The last column of Table 2 presents some links with the consciousness of teaching practice as well. Teachers learned to step back and gain more clarity about their teaching practice. With regard to internal/external coherence (onion model, Korthagen, 2004), through the learning process teachers were engaged in, identity and beliefs were revealed by the lived body, as their sensations were identified and understood with the help of their peers. Meanwhile, their reflection on their mission was engaged, allowing competencies, behaviour, and environment to be viewed differently. By stepping back from teaching practice and negotiating values, teachers gained access to core reflection (Korthagen & Vasalos, 2005). Beliefs (internal level) dialogued with competencies (external level), all fully anchored in their body. This process allowed them to see their practice (behaviour and environment) differently, from the perspective of internal/external coherence, a move toward integrity (Palmer, 1998). Integrity means an external response that is linked to internal values and identity.

Each teacher’s learning proceeded differently, although two processes could be distinguished from one another (classified as two groups). The first group proceeded from attention to others and some forms of dispersion to a movement of experience densifications toward the self (for Marguerite, Isabelle, and Caroline). They became calmer and better able to focus on specific tasks while serving others. The second group, in contrast, went from centering on a reduced version of self to the perceptions of others (opening up to students and peers), which helped them gain a broader perception of self (for Migona and Camille).

The following sections feature Camille’s and Marguerite’s case studies. Camille’s process is presented in the following pages as an example of a novice teacher of the second group (G2, Figure 2). She began the study with a reserved stance and gained opening and stimulation in the process. The title of her text explains how she gained confidence in herself with the help of others: Self-Confirming her Practice by Opening up to Others (Figure 2).

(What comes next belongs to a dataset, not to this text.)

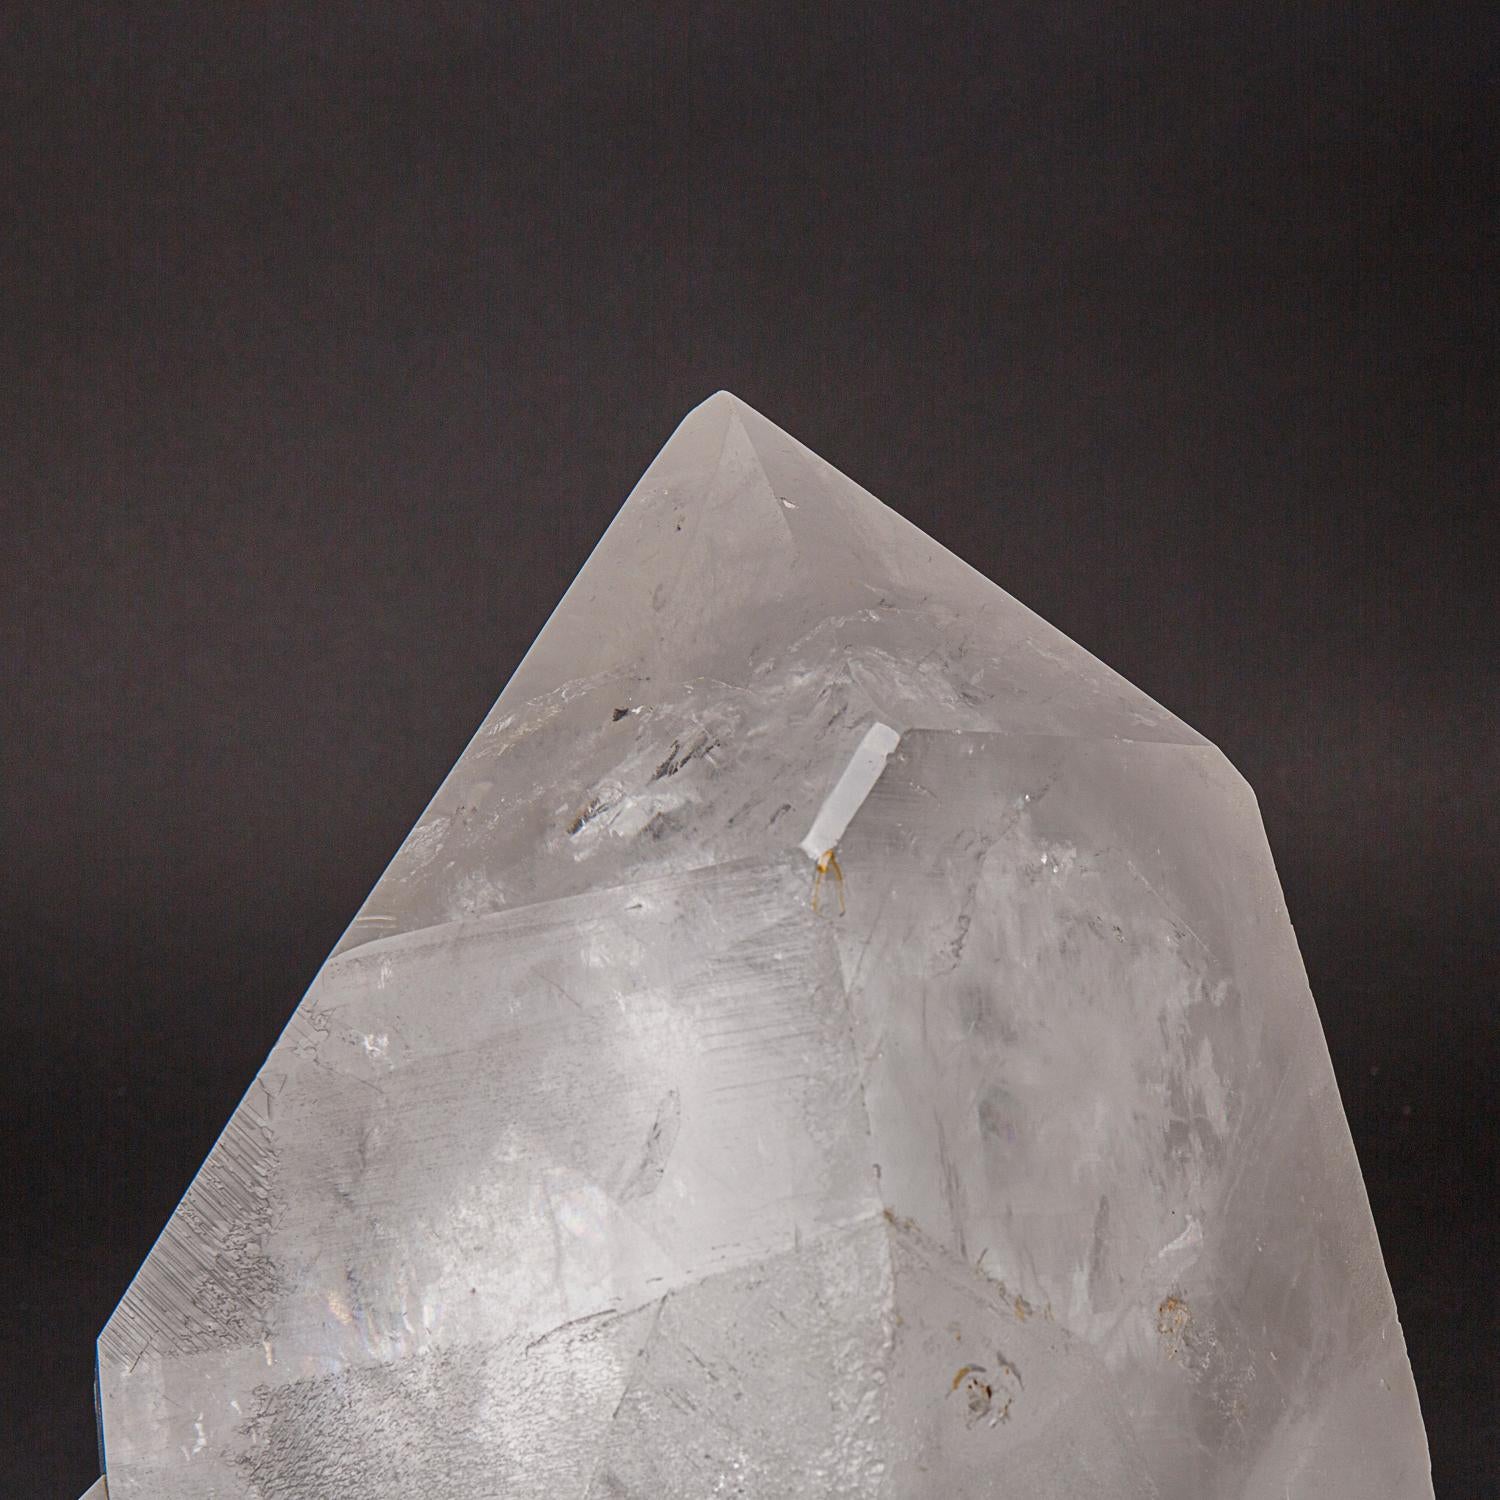 This Genuine Clear Quartz Crystal Cluster Point from Brazil weighs 61.5 lbs and is crafted from premium, see-through quartz crystals. With a complete termination and a shiny, reflective surface, this crystal serves as an excellent present or a
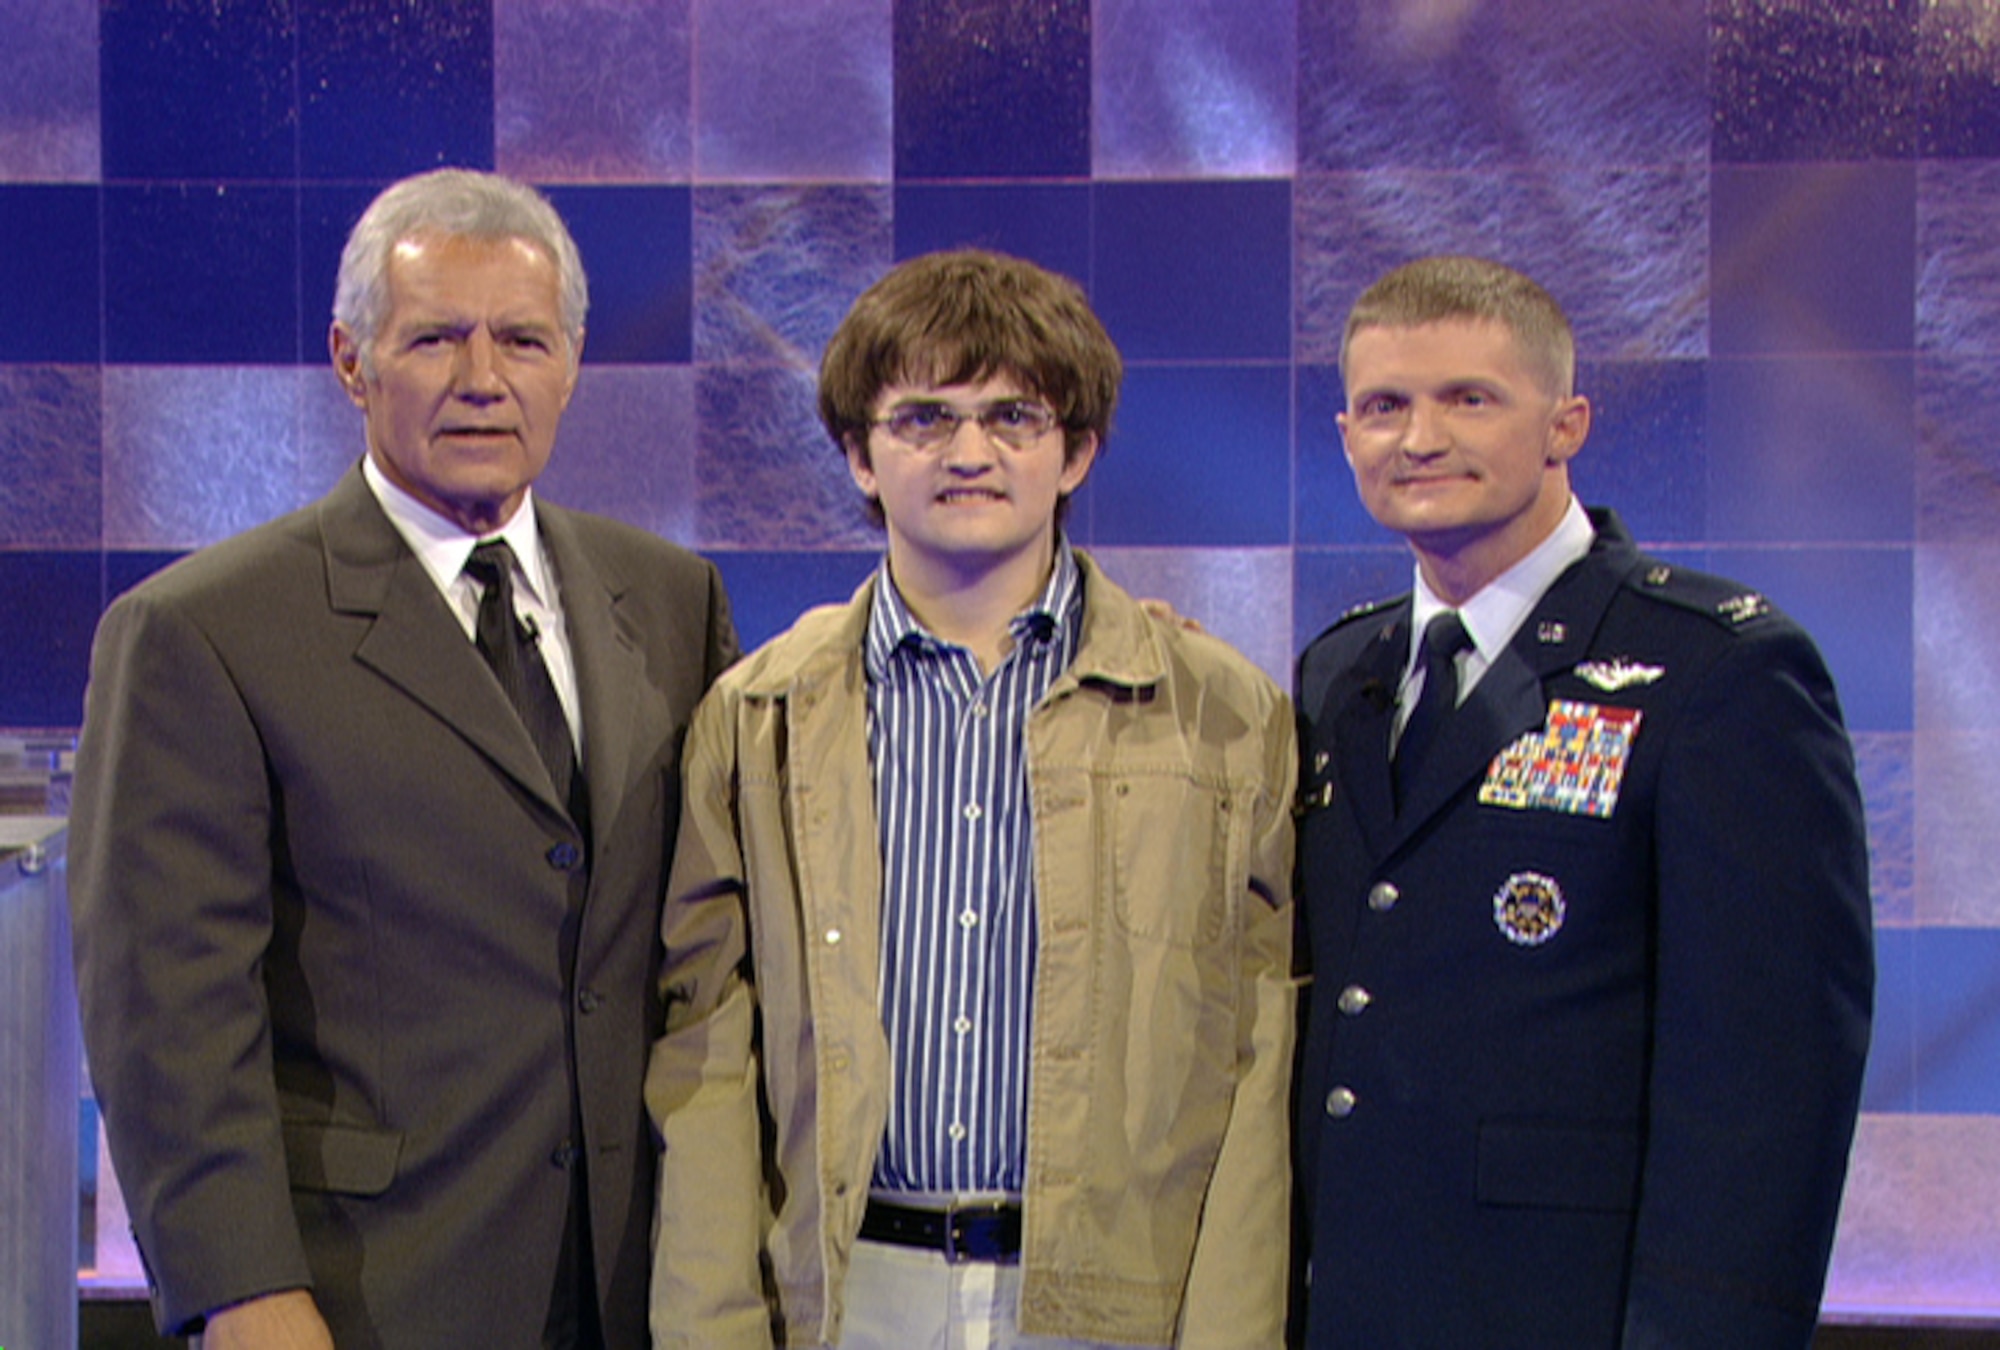 Col. Dave Belote (right) and his son, Drew (center) pose for a photo with Alex Trebek, the host of "Jeopardy!" while participating on an episode of the show Dec. 9, 2009, in Los Angeles. Colonel Belote is the 99th Air Base Wing commander at Nellis Air Force Base, Nev. (Courtesy photo)

Marguerite’s case follows, as a contrasting example, an experienced teacher of the first group (G1, Figure 3) who went from a chaotic environment and a strong assumed professional stance to an increase in structure and stability by organizing her experiences to make it through a challenging year. She participated in the study in an assertive and open way. The title of her text is: Assuming her Leadership Role by Gaining Stability. Camille’s example (first one below) provides a summary of her process (see Figure 2), but because Marguerite’s case (second one following) is multidimensional (classroom, parents’ training and mentoring, leader role within the school and with peer-colleagues), it is difficult to grasp the complexity of her whole process by merely looking at Figure 3, which presents only a few examples of her various learnings. I only present the main learnings of both Camille and Marguerite; these learnings do not provide a complete picture of all of the nuances of experiences included in their phenomenological texts.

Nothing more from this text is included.